It is best to place this into a script with a suitable name (pkill or killbyname). You can set the script to accept two arguments, the signal and the text to be matched, and even account for OS differences, as shown in Listing 13.

Listing 13. Killing processes by command string
#!/bin/sh

HOSTTYPE=`uname -s`

SIGNAL=$1
STRING=$2

if [ -z "$1" -o -z "$2" ]
then
    echo Usage: $0 signal string
    exit 1
fi

case $HOSTTYPE in
    Darwin|BSD)
    ps -a -opid,command | grep $STRING | awk '{ print $1; }' | xargs kill $SIGNAL
    ;;
    Linux|Solaris|AIX|HP-UX)
    ps -e -opid,command | grep $STRING | awk '{ print $1; }' | xargs kill $SIGNAL
    ;;
esac

The same basic technique shown here can be used for other similar collations.

Calculating memory usage

The ps tool provides two columns that haven't been covered yet. The RSS column provides the "resident set size" of a process; this is the amount of physical memory used by the process and a good indication of how much real memory a given process is using. The VSZ column details the total amount of memory being used by a process, including what is allocated for internal storage, but often swapped to disk. Both of these columns are common to the majority of ps variants.

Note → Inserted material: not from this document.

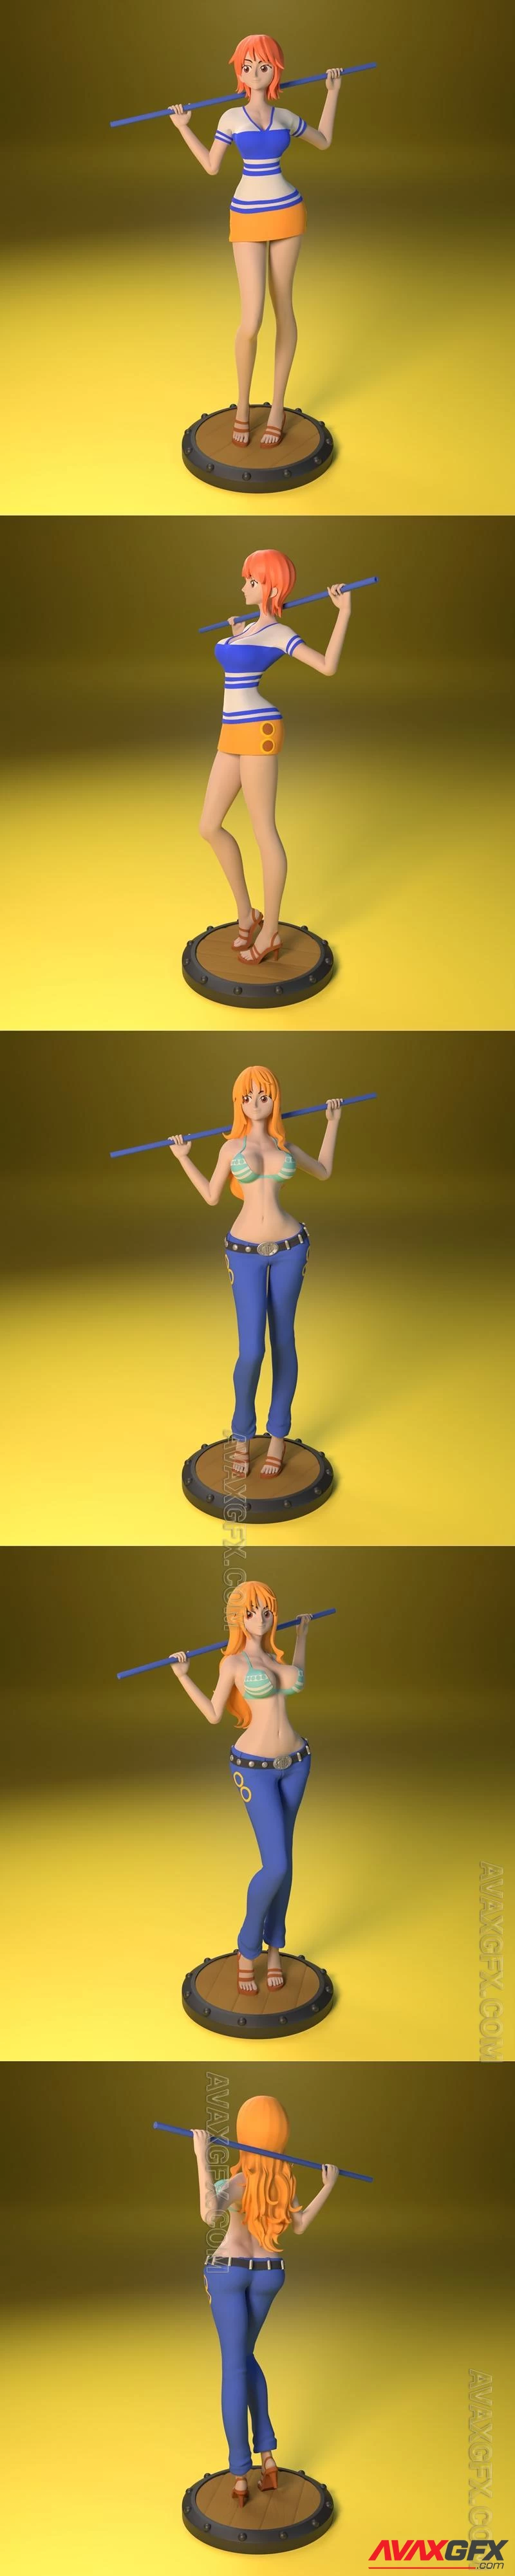 Nami - One Piece

Determining the two figures gives a good idea of memory usage. If you combine the output from ps with grep to select specific processes and awk to calculate the totals, you can get a good idea of how much physical and virtual memory is being used up by single application, or an application and its children.

For example, to determine the amount of real and virtual memory being used by the bash process, you could use the command in Listing 14.

Listing 14. Calculating memory usage with ps and awk
$ ps -A -o rss,vsz,command|grep bash | \
     awk '{rss += $1; vsz += $2 } END { print "Real: ",rss, "Virtual: ",vsz }'
Real:  4004 Virtual:  305624

This can be particularly useful when you are diagnosing memory and swap usage problems.

Using a job control compatible shell

It is fairly common for a typical system administrator to have more than one or two specific tasks on the go at any one time. Although you might have more than one connection open to a server at any time -- whether that is multiple terminal windows (through xterm, for example) or other terminals, or remotely through SSH or Telnet -- there are times when within your active shell or environment you want to control or monitor multiple processes.

All shells support the option to run a command automatically in the background by appending the ampersand (&) to the end of the command. But sometimes you want to put an interactive application, such as an editor into the background so that you can run a shell command and then return to your editor session.

The ability to control background processes in this way is called job control and a standard feature on both the Korn and C shells, and also open source shells, such as bash and zsh.

For basic job control within the shell every time you start a command to run in the background, the command (which can be any valid command line, even inline scripts) is given a job reference ID.

$ find / -name "core" >/tmp/corelist 2>&1 & 
[3] 11957

You can get a list of the running background jobs using the jobs command, as shown in Listing 15.

Listing 15. Using the jobs command
$ jobs
[1]-  Stopped                 emacs MCSLP/Intranet/News.pm
[2]+  Stopped                 emacs MCSLP/Intranet/Media.pm
[3]   Running                 find / -name "core" >/tmp/corelist 2>&1 &

In the listing, the second emacs command is denoted with the + sign. This indicates that the shell considers it to be the currently active job. The find command you started previously is not the active job, because it does not require interaction (although it generates output, it doesn't require input to continue), and therefore is not the active process. The first emacs process is denoted with -- to indicate that the shell considers this the previously active command. You can reference these jobs using the %+ and %- strings, respectively.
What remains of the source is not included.